If you have been experiencing these symptoms for more than 10 days, you’re likely suffering from seasonal or environmental allergies. The common cold usually lasts less than a week.

How to Treat Allergy Symptoms

If you're struggling with allergies, the first step is to get an allergy test. This will help you determine what substances you're allergic to, and from there, you can start exploring treatment options. Immunotherapy is often the most effective long-term solution for allergies, but it all starts with that initial allergy test.

Simple things like removing your shoes and changing your clothes before entering the house can make a big difference. Also, wiping down your pets and keeping your window shut can help too.

You should change your air filters regularly to maintain good indoor air quality. Consider getting an air purifier with a High Efficiency Particulate Air (HEPA) filter to further improve your home's air.

There are many ways to deal with allergies, and you shouldn't let them keep you from enjoying Phoenix's beautiful climate and scenery.

What to Expect From 2022 Allergy Season in Phoenix

March signals the start of springtime, and with it, the blooming of beautiful flowers and trees. Unfortunately, many people experience allergies around this time, too.

In Phoenix, springtime is the worst time of year for allergy sufferers as pollen counts skyrocket.
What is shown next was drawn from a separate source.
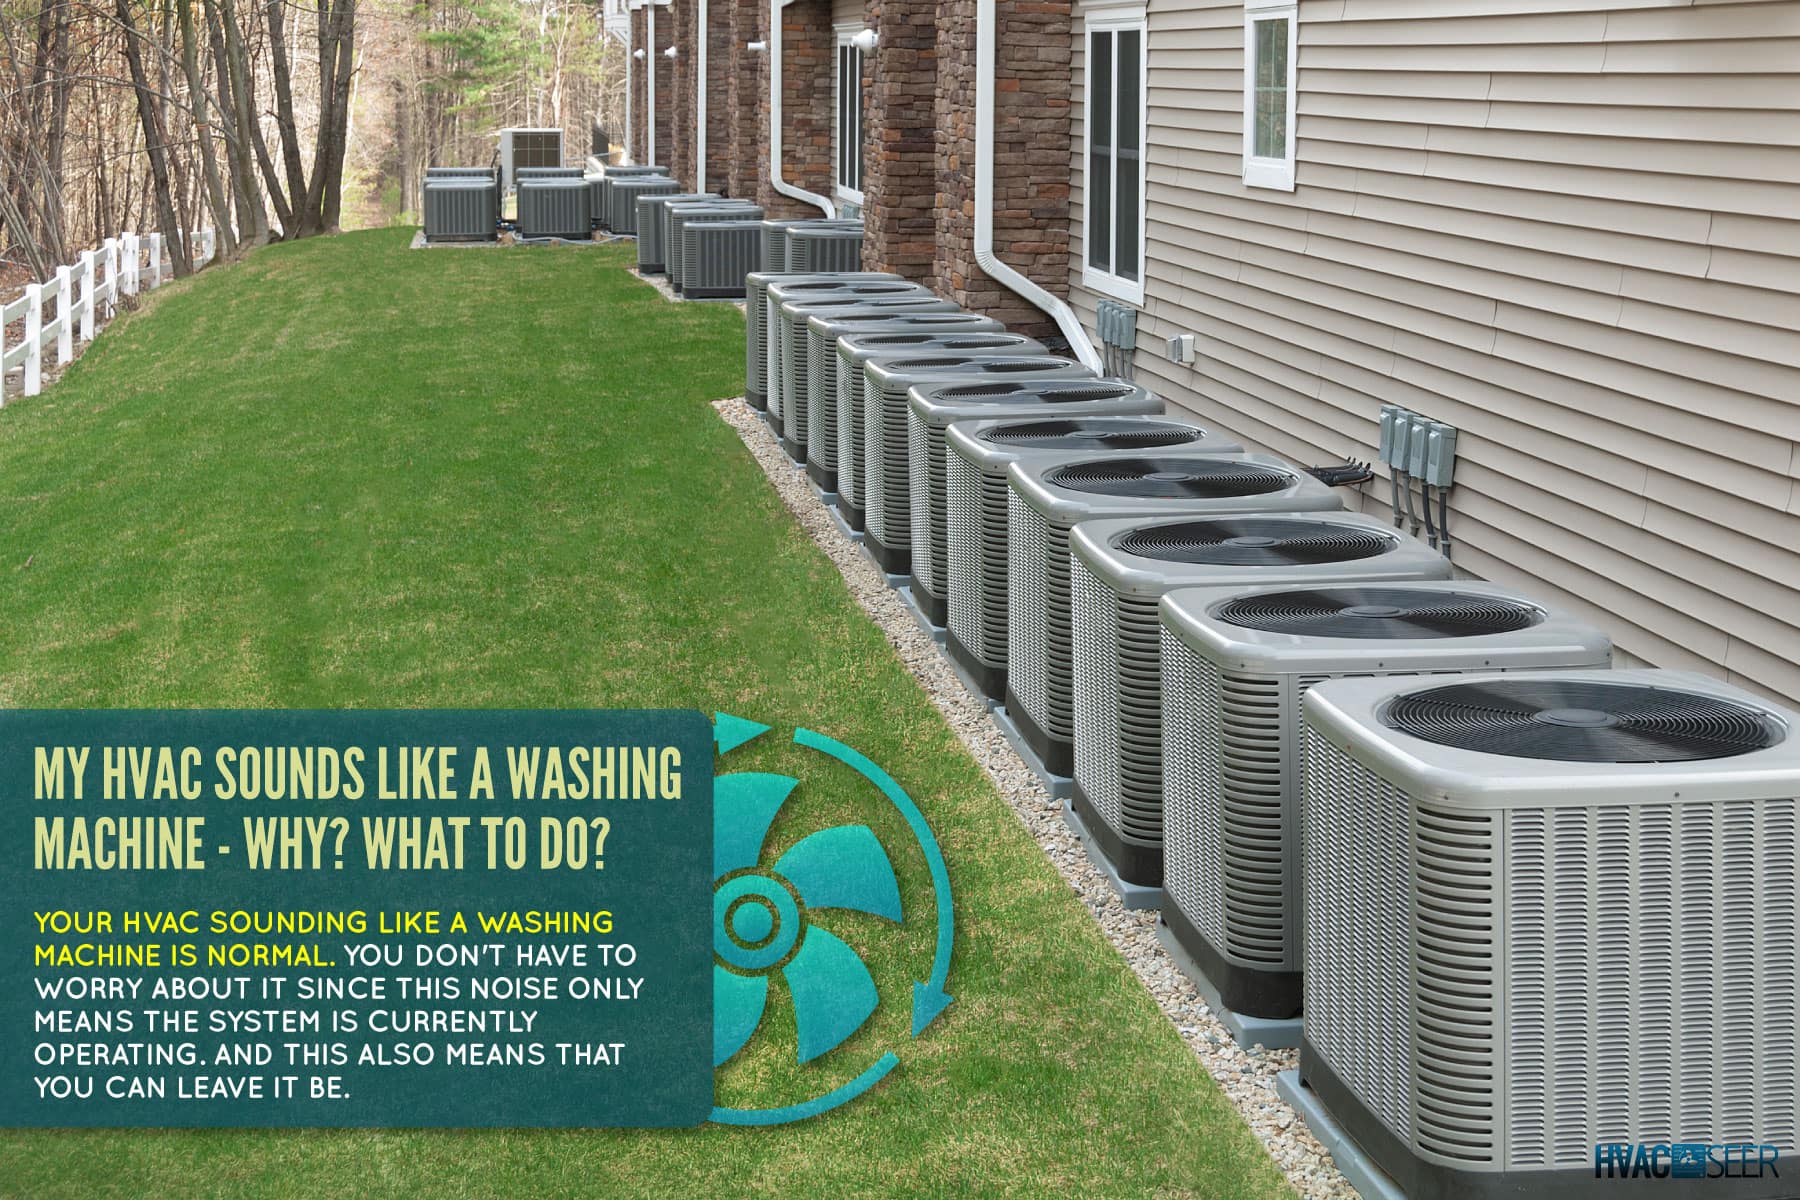 outdoor-air-conditioning-heat-pump-units, My HVAC Sounds Like A Washing Machine - Why? What To Do?

Although spring is the peak season for allergies, it is not uncommon to experience symptoms year-round due to the presence of pollen and other allergens. This is because there are always plants growing somewhere in Arizona.

In addition to pollen, dust and pollution can also cause irritation throughout the year.

The humidity here makes the air always feel damp, and the trees just seem to be constantly dripping.

The bees here never stop buzzing. They just keep at it, even during the fall and winter.


If you're allergic to pollen, dust, or other allergens, the best thing you can do is to prepare for allergy season. Start by talking to your doctor about what medications and treatments will work best for your Phoenix allergies. Then, make sure to keep your windows closed and run the air conditioner in your home or office. Finally, try to stay indoors as much as possible when the pollen count is high. By following these simple tips, you can make it through allergy season with minimal discomfort.